On the other hand, the agreement between theory and experiment is satisfactory for both GC-duplex and uGAAAg tetraloop. In the former case, nucleotides revealed very similar ΔG barriers, which are expected for three consecutive equivalent G and C within dsRNA. The fact that each of these barriers was obtained with a totally independent simulation further confirms the low statistical error and hence the reproducibility of our computational approach. The possible differences between purine and pyrimidine nucleotides were negligible for this motif (within the error of our approach, Supplemental Fig. S3A). However, we observed that those ΔG barriers are comparable with cleavage barriers of several unpaired residues within tetraloop motifs. This is unexpected, since the reactivity of paired nucleotides is generally lower (Reynolds et al. 1996; Welch et al. 1997; Soukup and Breaker 1999). We speculate that such behavior is caused by the number of restraints used in our computations, although it could also be linked to the approximations in the DFTB3 method. In the uGAAAg tetraloop, QM/MM-MetaD simulations can clearly predict that the unpaired G4 is significantly more reactive than the other nucleotides. Simulations are long enough to consider this difference statistically significant. Other nucleotides have higher ΔG barriers, in agreement with the lower reactivity observed in experiments (Fig. 3A). Plotting computational and experimental reactivities against each other revealed that the two unpaired nucleotides (A5 and A7) are worsening the correlation (R = 0.53) due to slightly overestimated (A5) and underestimated (A7) ΔG barriers (Fig. 4A). It is worth noting that the overall stability and flexibility of the tetraloop motifs can be affected by the nature of the closing base pair (Proctor et al. 2002; Blose et al. 2009). For this reason, we explicitly replaced the G–C base pair observed in the crystal structure with the wobble G–U pair found in the sequence used in the reference in-line probing experiments.
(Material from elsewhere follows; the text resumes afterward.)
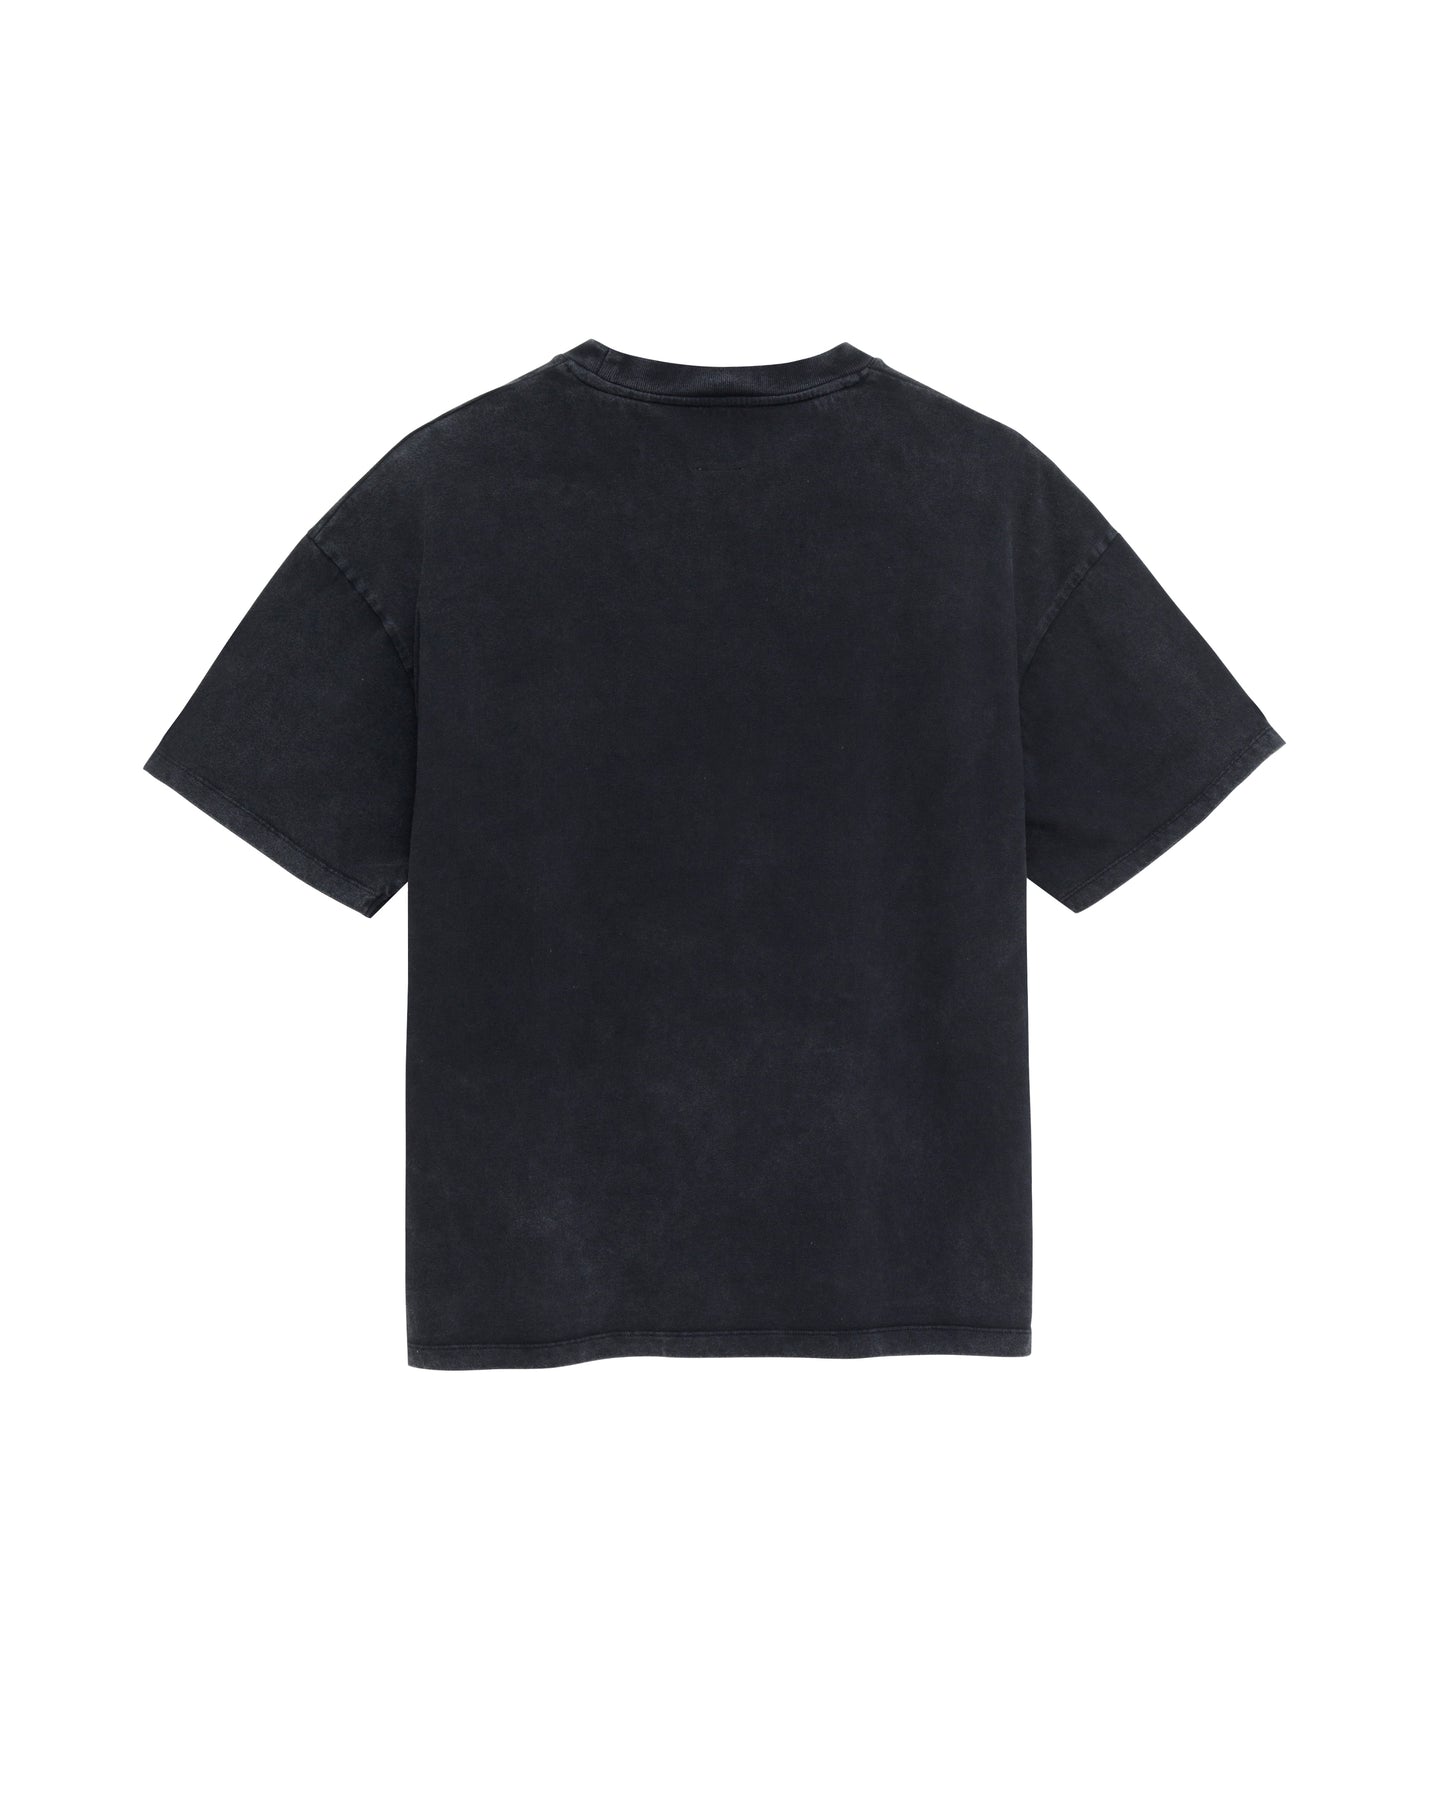 Thermal Black T-Shirt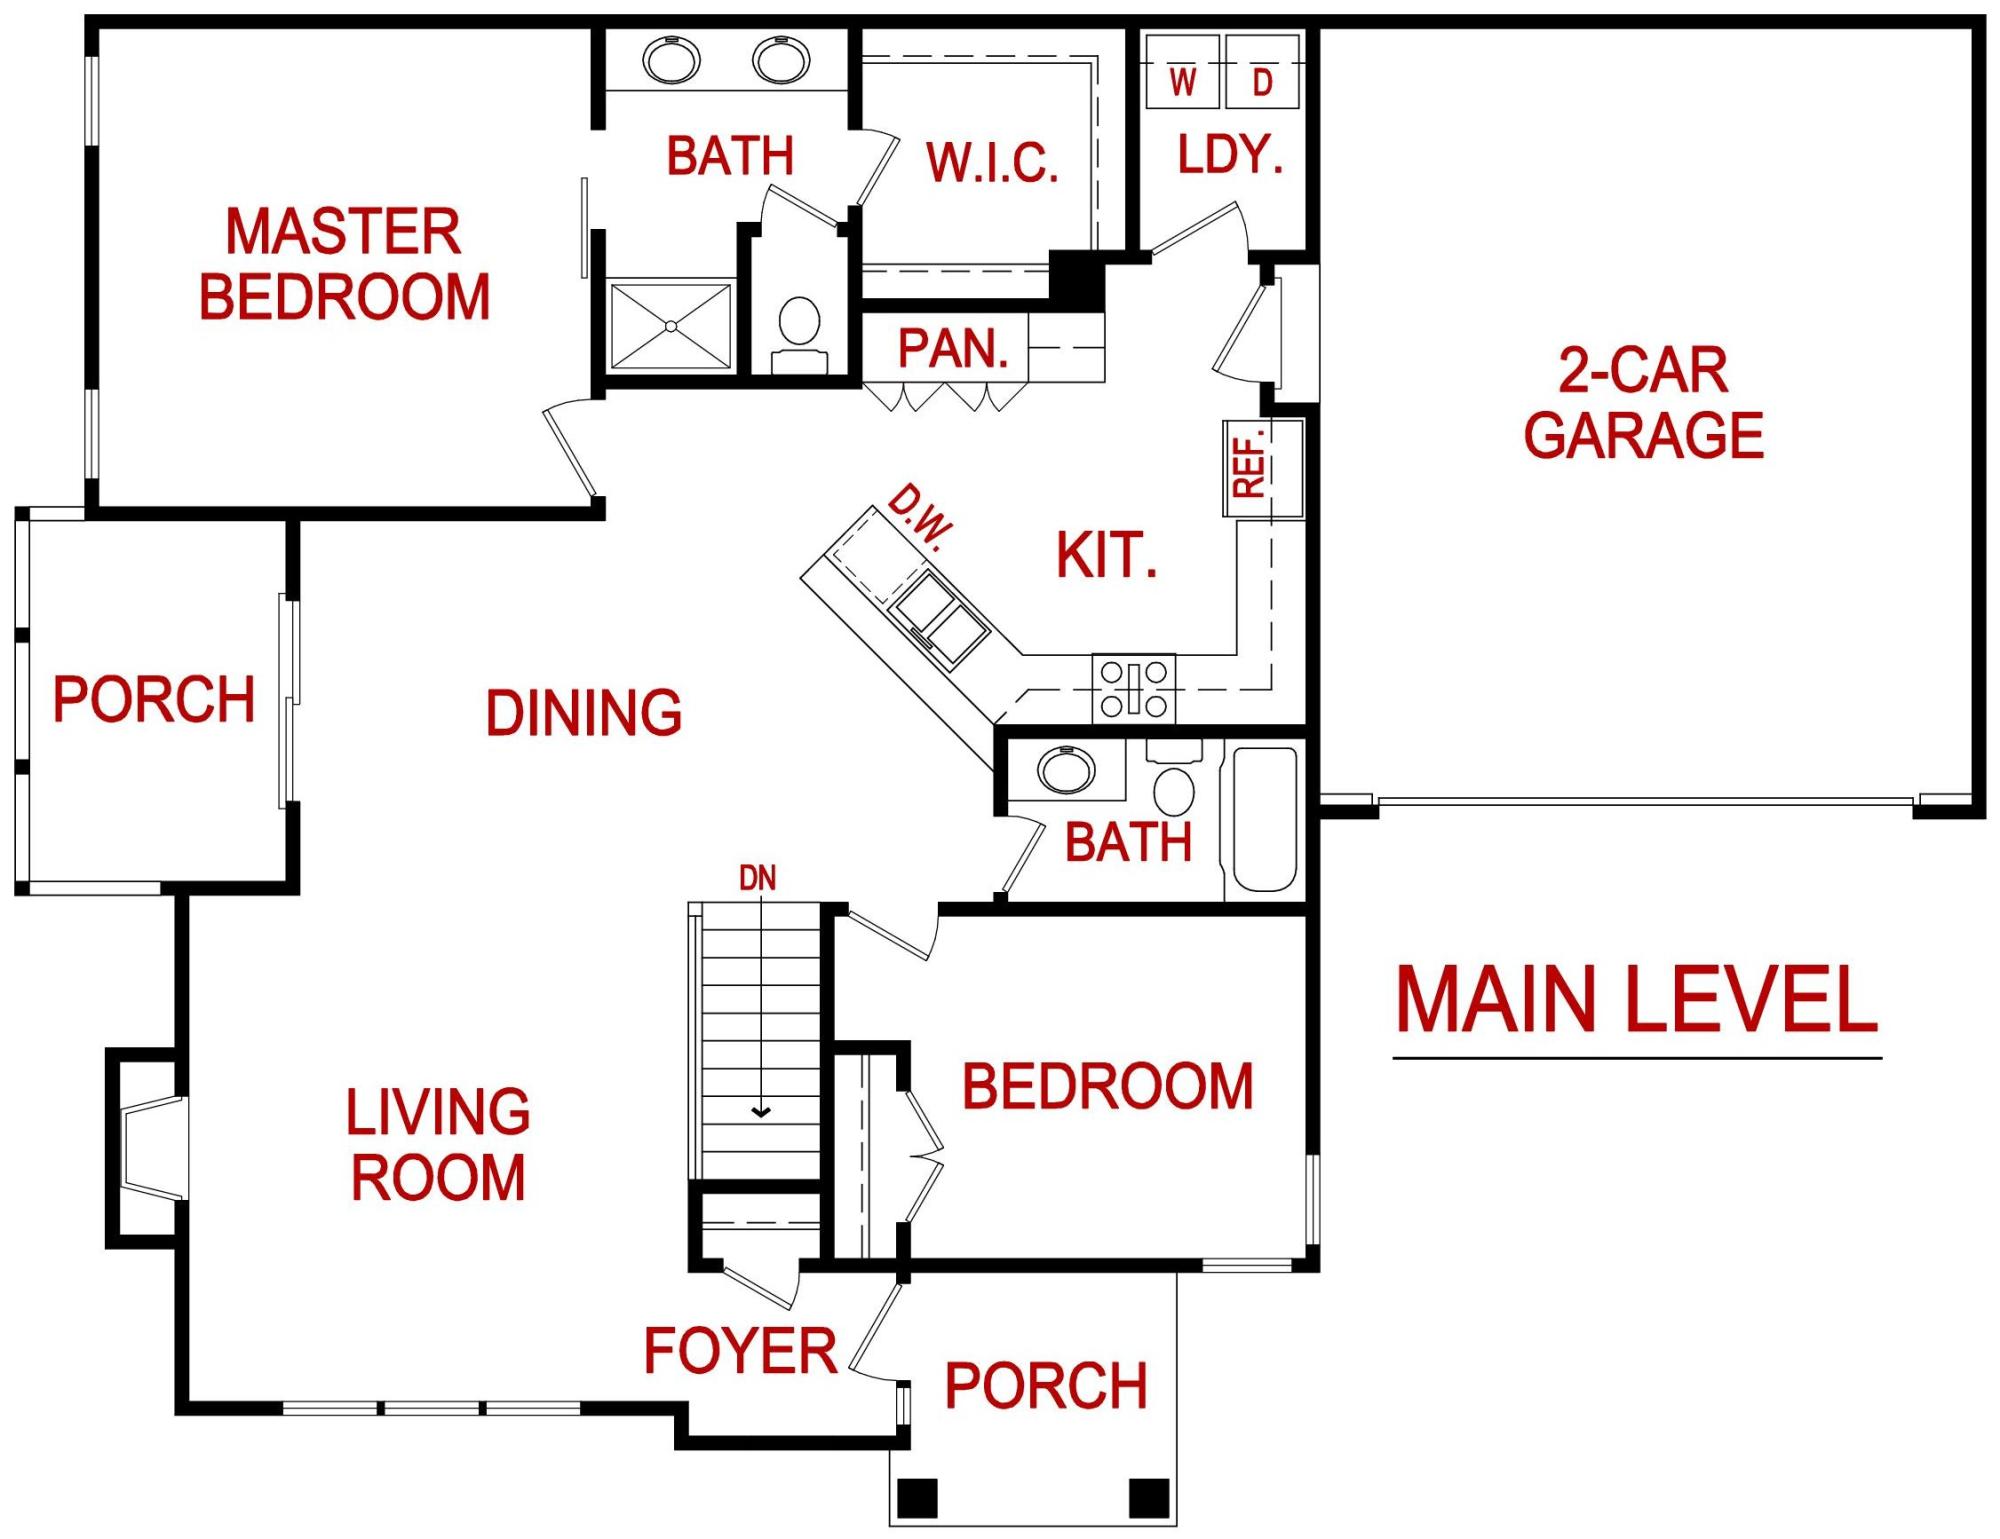 main level floor plan for the minor model from Lambie custom homes

Our results can also be compared against predictions using the approach introduced by Soukup and Breaker (1999), where a correlation between geometrical parameter (in-line fitness) and cleavage rates was proposed. The fitness parameter combines the in-line attack angle and the distance between O2′ and the adjacent phosphorus. Interestingly, the fluctuations of the in-line attack angle were proposed as a proxy for the chemical reactivity of individual nucleotides (Kirmizialtin et al. 2015). We searched among high-resolution X-ray structures (≤3.5 Å) of RNA molecules from the RCSB Protein Data Bank (PDB) (Berman et al. 2000) and used the baRNAba tool (Bottaro et al. 2014) to extract representative uGAAAg tetraloops. The average fitness values for those nucleotides are anti-correlated with the experimental reactivities derived from gels (Fig. 4B), showing that the in-line fitness formula (Soukup and Breaker 1999) derived from static X-ray structures cannot reproduce the experimental reactivity pattern for this motif. This is not surprising, since the in-line fitness was not designed for differentiating among random nucleotides, but rather for the specific identification of highly reactive nucleotides within catalytic centers of ribozymes (see Fig. 8 in the original paper, Soukup and Breaker 1999).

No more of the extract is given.